Beyond doubt, the most significant impact of the time Hitler spent confined in Landsberg prison was the emergence of Mein Kampf. Few books have ever been more generally condemned as the one composed by Hitler (with the assistance of his deputy, Rudolph Hess). The book – although condemned by literary critics who describe it as a poorly written mess – acted as Hitler’s manifesto, its tone in no way concealing the furious philosophy from which thousands of atrocities and millions of casualties would stem.

The scars of history seen during the era of the Nazi Party Government and following Hitler’s dictatorship can all be said to have been suggested – often even planned – in Hitler’s time in jail. The aggregate output resulted from such time and thought was in the tangible form of this book, and this, by the late 1920s had become widely read (or at least widely owned) throughout Germany, propagating Hitler’s ideas on race and political ideology to a large audience. Hitler’s vision for Germany through this book plagued every community in Germany, dismantling stable ideologies and conjuring up hate while Nazifying the population. Such impacts of Mein Kampf resulting from Hitler’s time in prison should not be understated; it led the way as a guide for Nazi Germany, and also German voters prepared to support the Nazis in the elections of the early ’30s.

Lockdown in prison also had unexpected, less quantifiable boons for Hitler. Though there had been a trial before his imprisonment, it had been a show trial which promoted his popularity and brought him to national attention on the German stage.

However, his time in prison also influenced his political philosophies and his public image. Throughout his prison sentence, German people felt sympathetic towards his cause – this is exemplified in the shortness of Hitler’s sentence in comparison with Communist equivalents. The image of Hitler, in the eyes of some German people, significantly changed thanks to his prison time. He became a popular martyr, and a challenge to the injustices and failures rife throughout Germany. This new-found sympathy from the German people spearheaded

the idea of him as the man of the people, rising up in the face of communism and in the face of chaos, to build a better Germany while trying to reclaim the glorious attributes associated with monarchical rule before the First World War.

Hitler greatly benefited from the label of martyr; it put him at the centre of political discourse and furthered his image as a man behind whom the German people could rally, in the hopes of expelling woes. This idea of martyr and man of the people coincided with his concept of how to obtain power, made in the cells of Landsberg. During his nine months in prison, his roadmap was drastically changed: he diverted from aiming to gain political power through force as he had done in Munich, to attempting to win power through the usual political system. Hitler’s change in policy was crucial in the timeline of his ascendancy – without such changes to his beliefs on obtaining power, it is reasonable to state that he might never have risen through the ranks of politics to become Führer.

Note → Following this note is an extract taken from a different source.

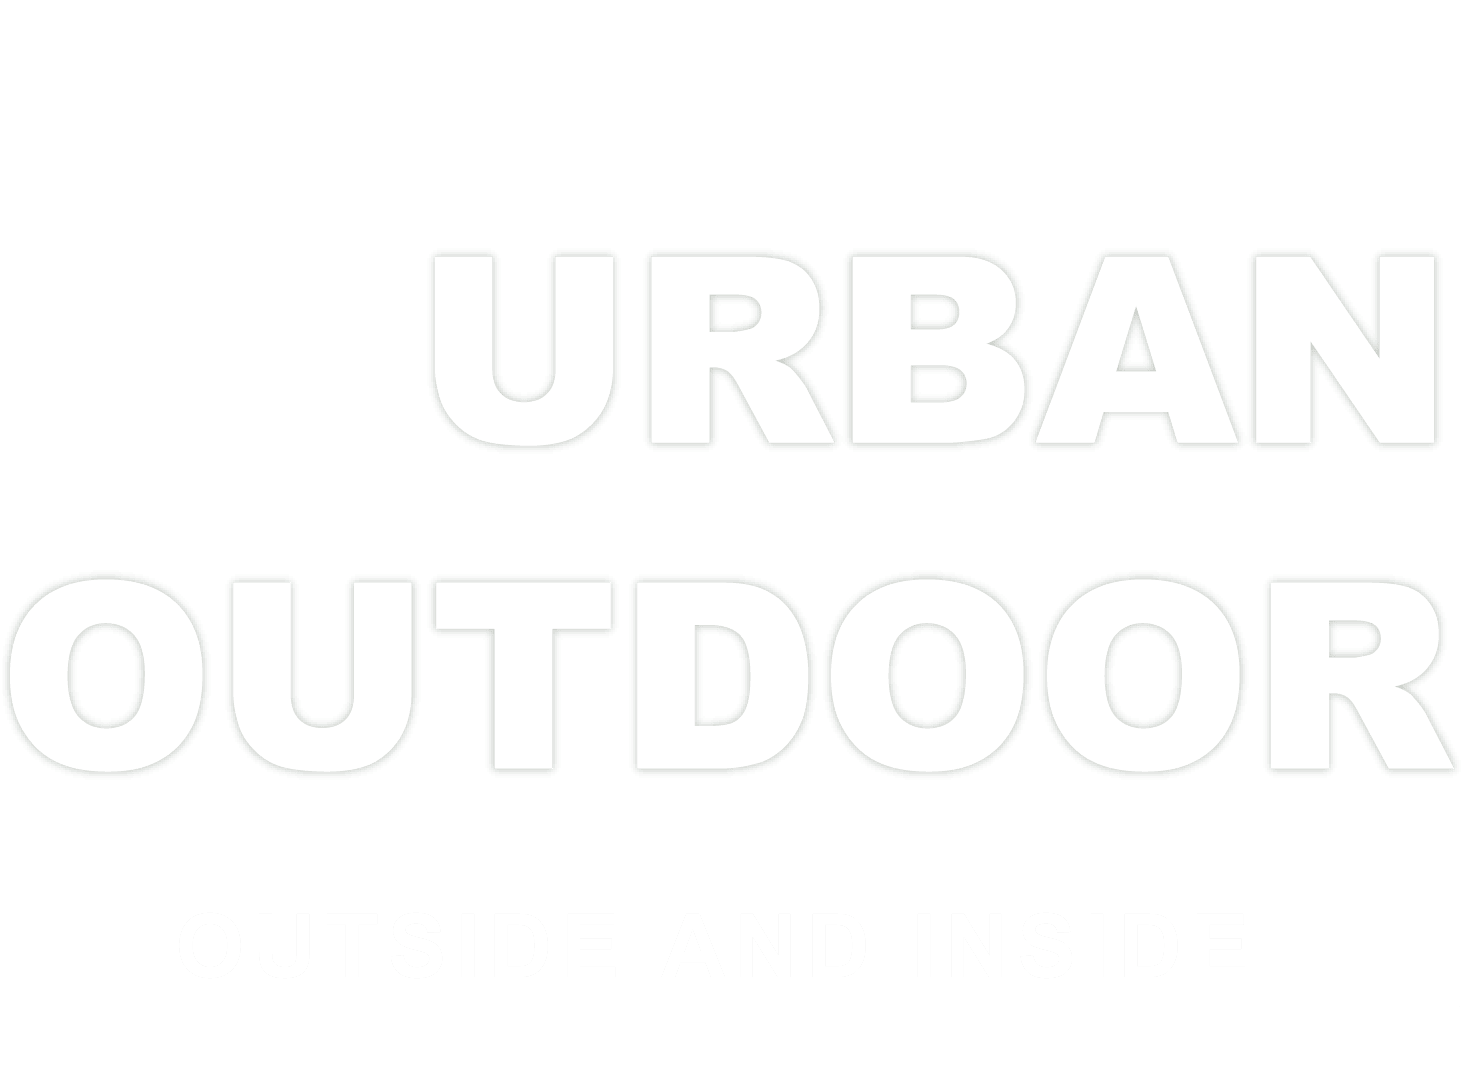 plan urban outdoor outside and inside

The nine months spent in prison were doubtless the beginning of his relatively non-revolutionary, nonviolent political journey, which would quickly snowball into fully-fledged rule after the effects of the Great Depression and political and financial collapse were felt in the early 1930s. Hitler’s jail time also acted as a formative period of reflection: the ideas solidified in his book would go on to be instrumental not only in his rise to power, but also in the following decade where the terrible and awful ideas cemented in Mein Kampf were implemented as policy.